Chicago Board of Trade July corn futures settled up 7-1/2 cents at $3.24-3/4 a bushel (all figures US$).

Analysts said the move did nothing to change the underlying fundamentals that have cast a bearish tone over corn due to expectations of lower demand for ethanol.

“Sustaining a rally would necessitate a flip in the fundamentals — from one of burdensome surplus to one of supply concerns,” said Arlan Suderman, chief commodities economist at INTL FCStone.

The Energy Information Administration said that U.S. ethanol output fell 7,000 barrels per day to an all-time low of 563,000 b.p.d. in the week ended April 17.

CBOT July soft red winter wheat was down 2-1/2 cents at $5.43-3/4 a bushel.

Wheat had rallied more than two per cent earlier in the week after USDA said the condition of the national crop was below market expectations, stoking fears of tight supplies.

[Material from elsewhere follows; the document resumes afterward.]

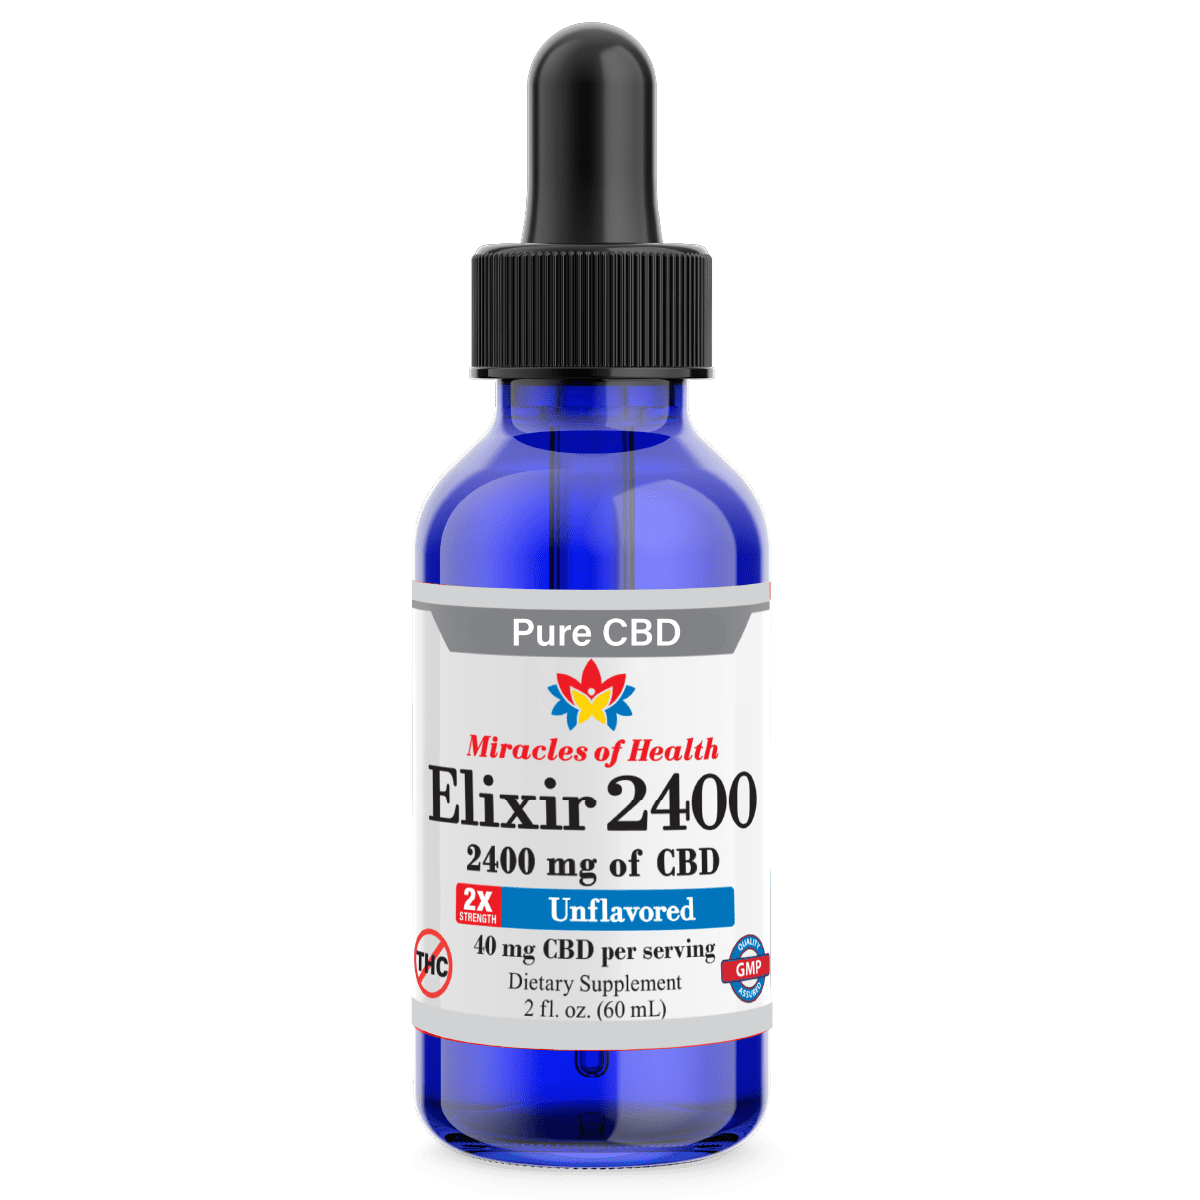 cbd for dogs london ontario, cbd for dogs leafly, cbd for dogs lakewood co, cbd for dogs langley, cbd for dog lipoma, cbd for dog liver cancer, cbd for dog leash reactivity, cbd for dog lung cancer, cbd for dog limp, cbd for large dogs, cbd oil for dogs london ontario, cbd for dogs made in usa, cbd for dogs maine, cbd for dogs miami, cbd for dogs motion sickness, cbd for dogs mn, cbd for dogs madison wi, cbd for dogs medford oregon, cbd oil for dogs michigan, cbd oil for dogs melbourne, cbd oil for dogs milwaukee, cbd oil for dogs memphis, cbd oil for dogs mississauga, cbd for dogs nausea, cbd for dogs nyc, cbd for dogs nashville, cbd for dogs nz, cbd for dogs nj, cbd for dogs north vancouver, cbd for dogs nova scotia, cbd for dogs nashville tn, cbd for pet near me, cbd for dogs sold near me, cbd for dogs overdose, cbd for dogs on amazon, cbd for dogs on chemo, cbd for dogs on 4th of july, cbd for dogs order, cbd for dogs oregon, cbd for dogs omaha, cbd for dogs orange county, cbd for dogs oakland ca, cbd for dogs okc, cbd for dogs orlando, cbd for dogs portland or, cbd treats for dogs on amazon, cbd dog oil amazon, cbd for anxiety on dogs, cbd oil dogs cancer, cbd for dogs paws, cbd for dogs pet releaf, cbd for dogs portland, cbd for dogs purchase, cbd for dogs pros and cons, cbd for dogs portland oregon, cbd for dogs pain reddit, cbd for dogs pittsburgh, cbd for dogs phoenix, cbd for dogs pets at home, cbd for dogs purfurred, cbd for dog pancreatitis, cbd for pregnant dogs, cbd for dogs joint pain, cbd treats for dogs petsmart, best cbd for dogs pain, quality cbd for dogs, high quality cbd for dogs, best quality cbd for dogs, highest quality cbd for dogs, good quality cbd for dogs, calm and quiet cbd for dogs, cbd for dogs retail, cbd for dogs riverside ca, cbd for dogs reno nv, cbd for dogs rochester ny, cbd for dogs red deer, cbd for dogs reno, cbd for dogs ratings, cbd for dogs regina, cbd for dogs reaction, cbd for dogs releaf, cbd for reactive dogs, cbd for pet rats, cbd treats for dogs reviews, cbd dose for dogs reddit, cbd chews for dogs reviews, cbd for dogs same as humans, cbd for dogs store, cbd for dogs sleep, cbd for dogs scared of thunder, cbd for dogs store near me, cbd for dogs sprouts, cbd for dogs seattle, cbd for dogs spokane, cbd for dogs sacramento, cbd for dogs skin allergies, cbd for dogs san francisco, cbd for dogs san antonio, cbd for dogs safe for humans, cbd for dogs stomach, cbd for dogs st louis, cbd for dogs santa fe, cbd for dogs to sleep, cbd for dogs tincture, cbd for dogs tumor, cbd for dogs to stop barking, cbd for dogs to calm them, cbd for dogs that have anxiety, cbd for dogs texas, cbd for dogs top rated, cbd for dogs tampa, cbd for dogs testimonials, cbd for dogs tucson, cbd for dogs tacoma, cbd for dogs tulsa, cbd for dogs toronto, cbd for dogs upset stomach, cbd for dogs utah, cbd for dogs usa, cbd for dog uti, cbd treats for dogs uk, cbd capsules for dogs uk, cbd for dogs vermont, cbd for dogs vancouver wa, cbd for dogs vancouver, cbd for dogs victoria bc, cbd for dogs victoria, cbd for dogs vancouver bc, cbd for dogs vice, cbd oil for dogs vancouver bc, cbd treats for dogs vancouver, cbd oil for dogs vancouver canada, cbd for dogs with hip pain, cbd for dogs with heart problems, cbd for dogs with arthritis, cbd for dogs with ibd, cbd for dogs with ivdd, cbd for dogs with dementia, cbd for dogs wholesale, cbd for dogs with cushings disease, cbd for dogs with cushings, cbd for dogs with cataracts, cbd for dogs with kidney disease, cbd for dogs with dm, cbd for dogs with chf, cbd for dogs with torn acl, cbd for dogs with fear aggression, cbd for dogs with congestive heart failure, cbd for dogs where to get, cbd for dogs with nausea, xanax and cbd for dogs, cbd for dogs youtube, cbd for dog yeast infection, best cbd for your dog, young living cbd for dogs, zilis cbd for dogs, zen pen cbd for dogs, cbdistillery coupons, cbdistillery location, cbdistillery promo code, cbdistillery colorado, cbdistillery gummies, cbdistillery reviews, cbdistillery near me, cbdistillery jobs, cbdistillery careers, cbdistillery instagram, cbdistillery twitter, cbdistillery affiliate, cbdistillery denver co, cbdistillery times square, cbdistillery drug test, cbdistillery cbd oil, cbdistillery vape pen, cbdistillery vape, cbdistillery phone number, cbdistillery address, cbdistillery amazon, cbdistillery anxiety, cbdistillery account, cbdistillery anxiety reddit, cbdistillery australia, cbdistillery autism, cbdistillery coupon august 2019, cbdistillery refer a friend, cbdistillery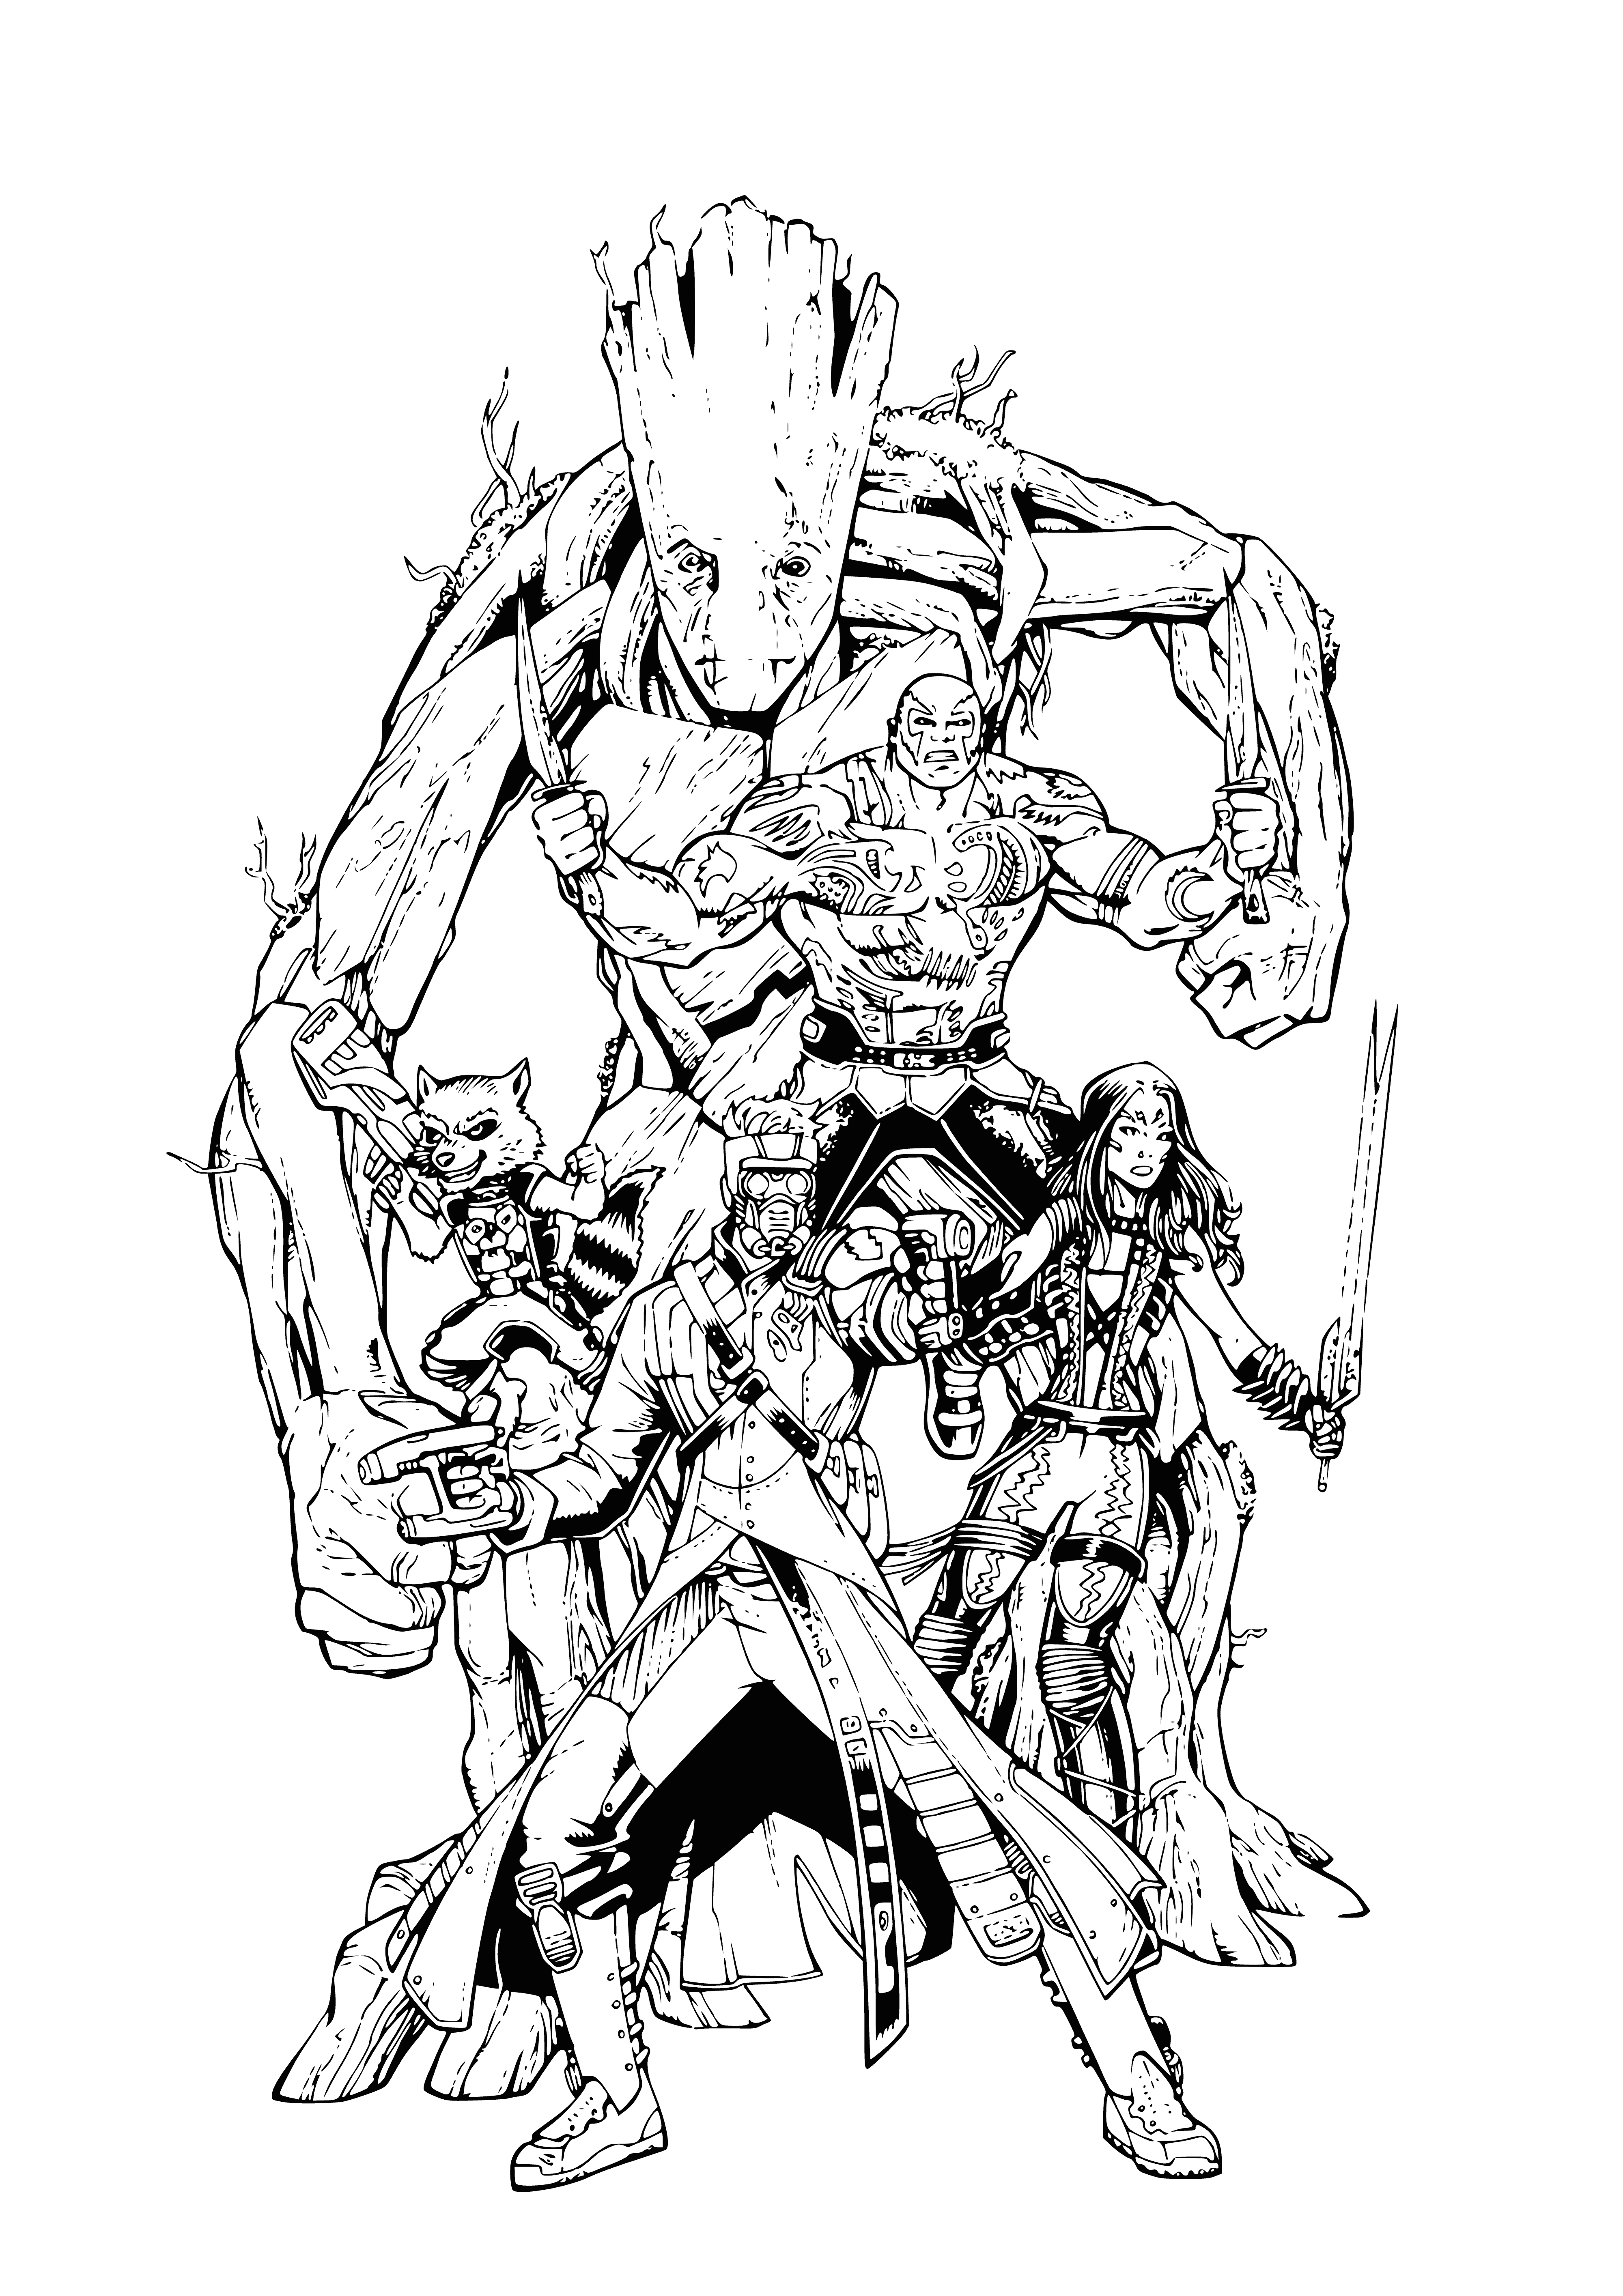 coloring page: Five heroes standing in heroic poses - Gamora, Drax, Star-Lord, Rocket and Groot - epitomize courage, strength and resolve.

Chicago Board of Trade July soybean futures were 1-3/4 cents higher at $8.42-1/2 a bushel.

The contract was trading off its highs after hitting technical resistance at it neared its 10-day moving average.

Chinese importers signed deals to buy at least three bulk shipments of U.S. soybeans this week after prices sank to an 11-month low on Tuesday as part of a broad-based commodities sell-off due to the coronavirus outbreak, according to government and private sources.

The U.S. Department of Agriculture said on Wednesday morning that private exporters reported the sale of 198,000 tonnes of soybeans, or about three bulk cargoes, to China in the 2019-20 marketing year.